Page 1 of 1

Partitioning Method in Sort Stage

Posted: Mon Aug 13, 2007 10:43 pm
by sid19
.
I am using Sort Stage the input has 5(A,B,C,D,E) columns and I need to sort on all of them in the order(B,A,D,E,C). and the rows coming in the sort stages are huge in number(around 200 millions of records).

So what will be the appropriate strategy for partition of Sort Stage so that we can get the result in least time?

Posted: Mon Aug 13, 2007 10:52 pm
by ArndW
Ideally you have your data hash partitioned on your 5 columns, so that each node at runtime only needs to sort data in its own stream and does not need to repartition.

Posted: Tue Aug 14, 2007 1:29 am
by JeroenDmt
I've been wondering about this: do you need to partition on all 5 columns? if you would partition on the first column in the sort, already each node only needs to sort data in its own stream without needing to repartition? So I would think for the sorting it wouldn't matter if you partition on all 5 columns or only the first column in the sort.
Then what is the advantage of partitioning on all 5 columns?

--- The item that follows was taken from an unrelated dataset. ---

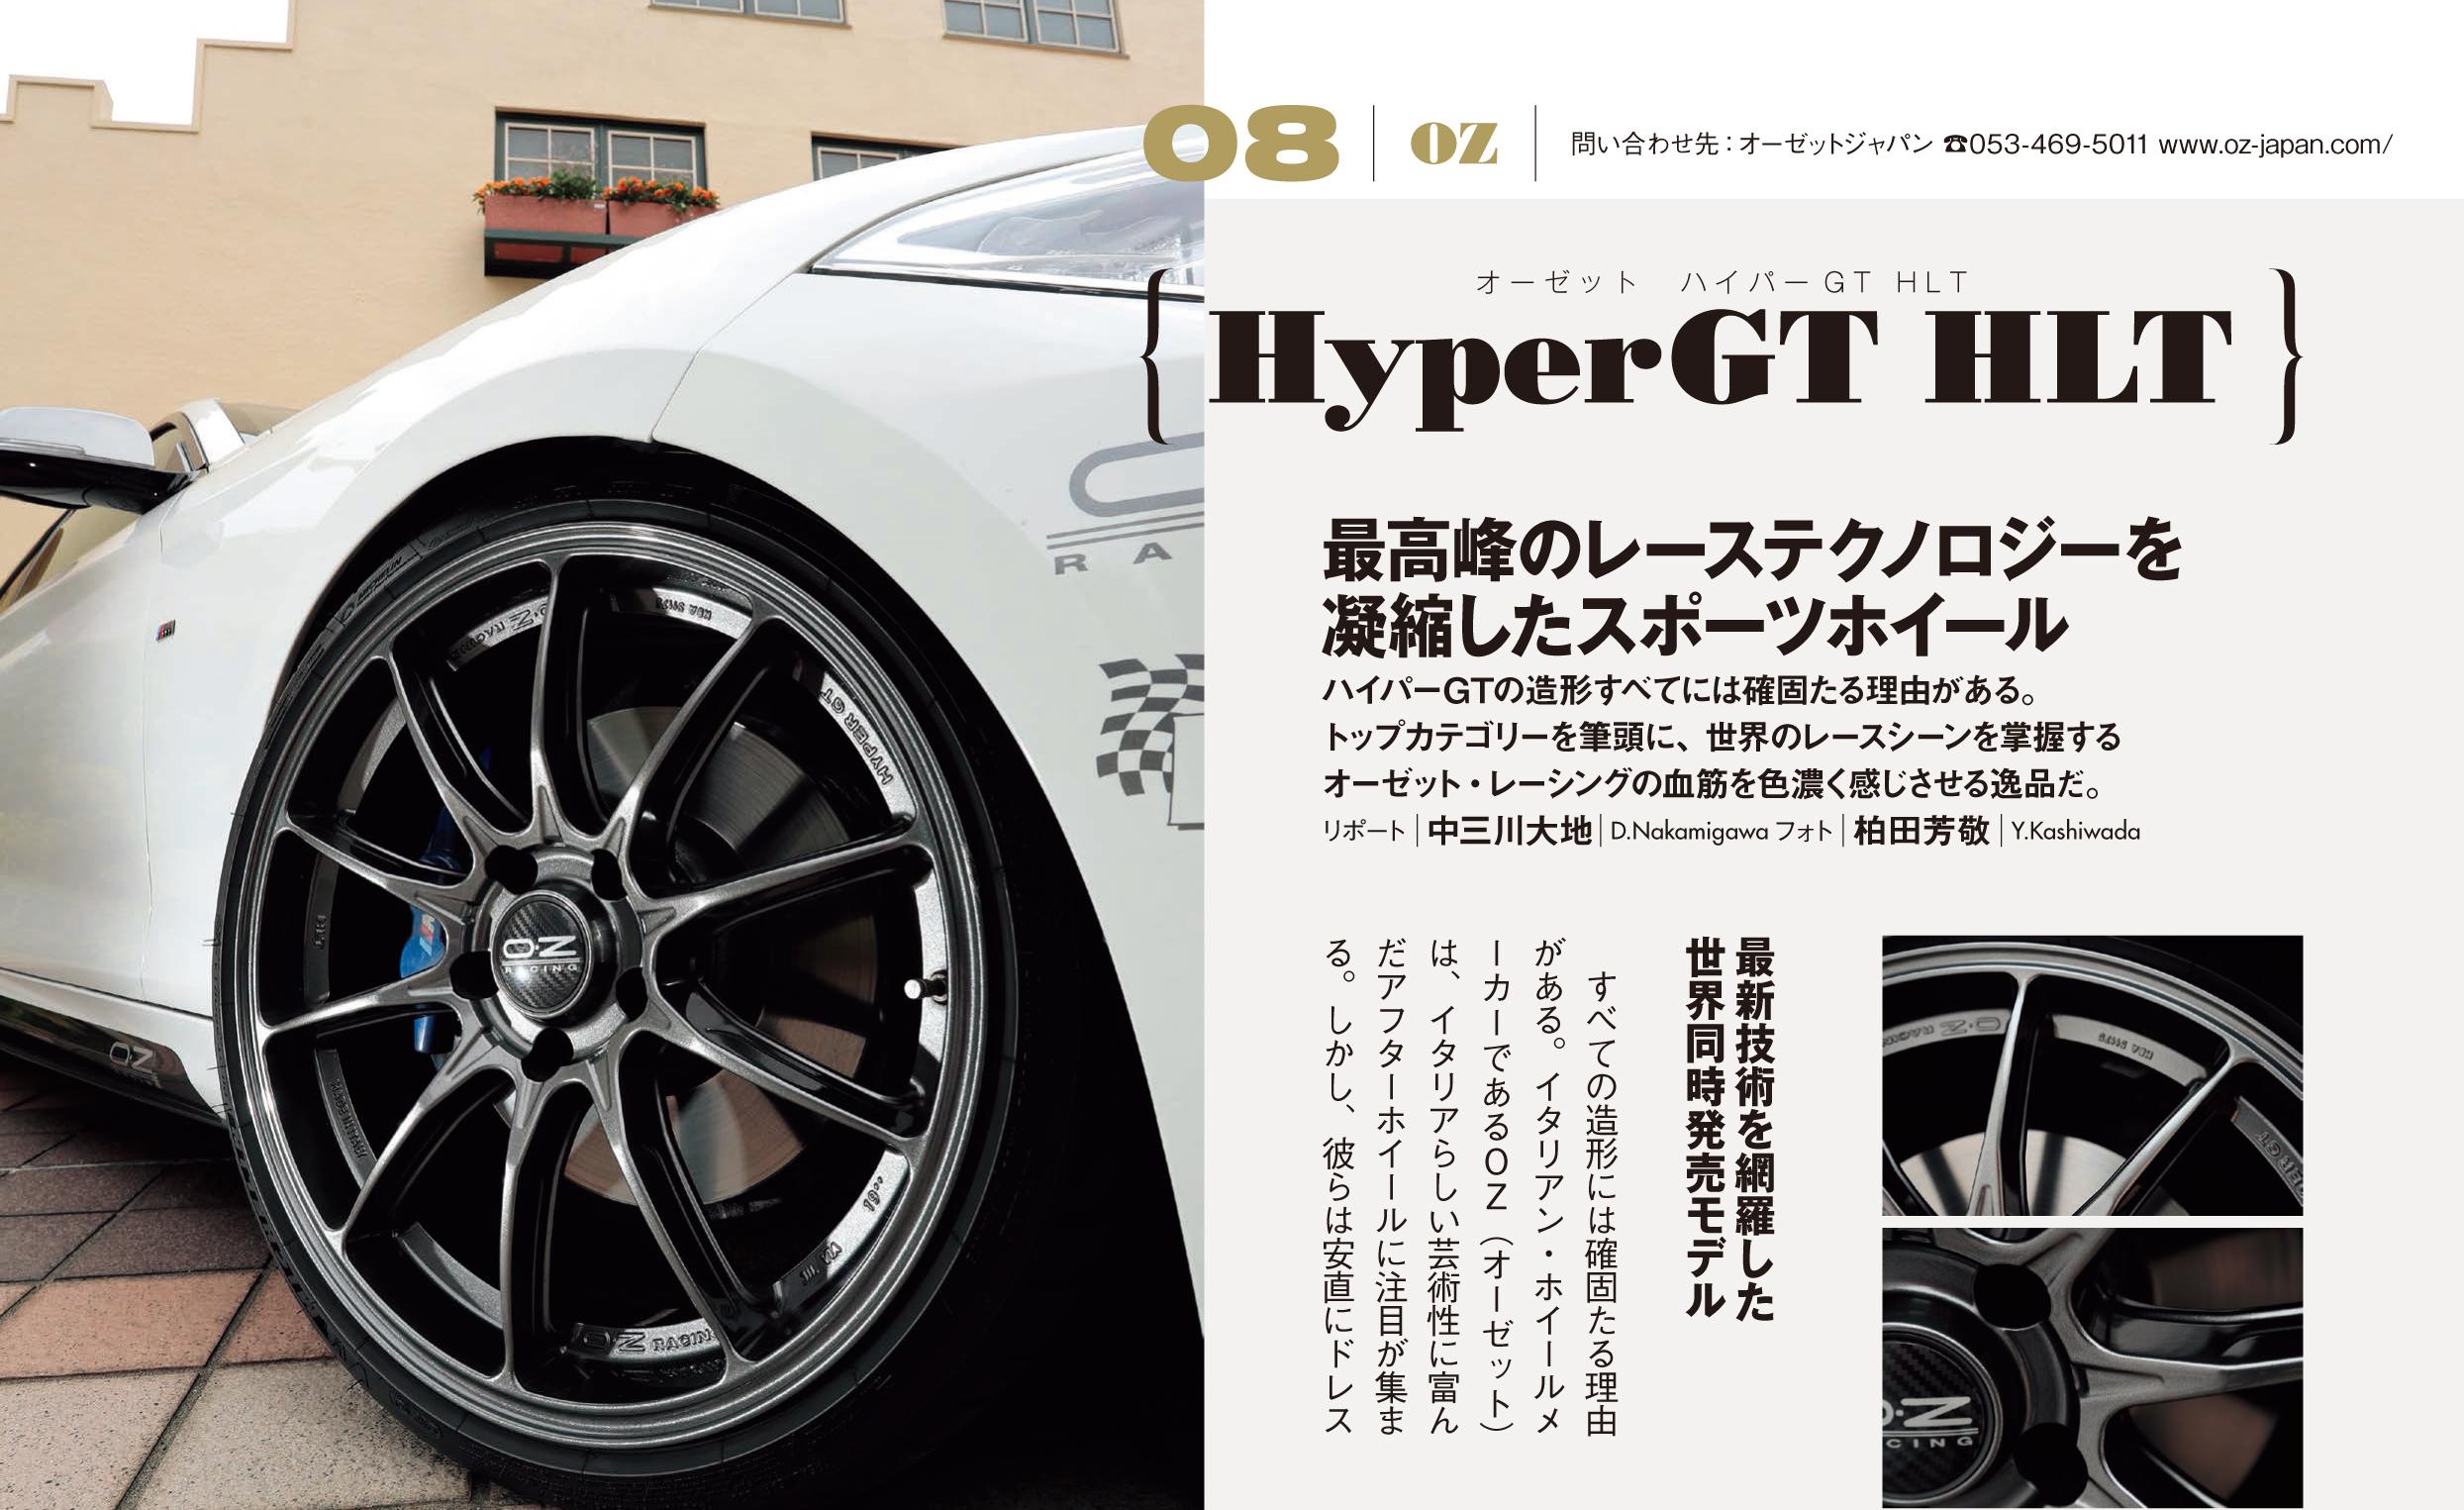 【商品情報】HyperGT HLT

Posted: Tue Aug 14, 2007 5:22 am
by ArndW
No advantages to using all 5 at all, just performance disadvantages! You've hit the nail on the head, it is sufficient to partition on just one column.

Posted: Tue Aug 14, 2007 7:04 am
by balajisr
Also,It depends on the type of operation done after the sort stage. E.g If you need to remove duplicates with 5 columns being key sorting on only one column will deliver incorrect results.

Posted: Tue Aug 14, 2007 11:25 am
by Ed Purcell
balajisr wrote:Also,It depends on the type of operation done after the sort stage. E.g If you need to remove duplicates with 5 columns being key sorting on only one column will deliver incorrect results.
Also it's important whether the first column will give you an even split of the data when you use it to partition the data. You want approximately equal chunks of the data landing on each of your nodes to make the sorting easier.

Posted: Thu Aug 16, 2007 8:51 am
by sid19
Suppose first column has 5 distinct value so toatal 5 partition will come and we have only 2 node then how the data will distributed evenly on each node.

precisely I want to ask suppose our partition is not equal to number of node then how the data be distributed across the nodes

Posted: Thu Aug 16, 2007 3:30 pm
by ArndW
It will hash the 5 values to 2 nodes, one node will get 2/5 of the data, the other 3/5 of the data in your example. You can't get a better distribution unless you use round-robin, but then you would need to repartition again downstream for the sort so that approach is no good.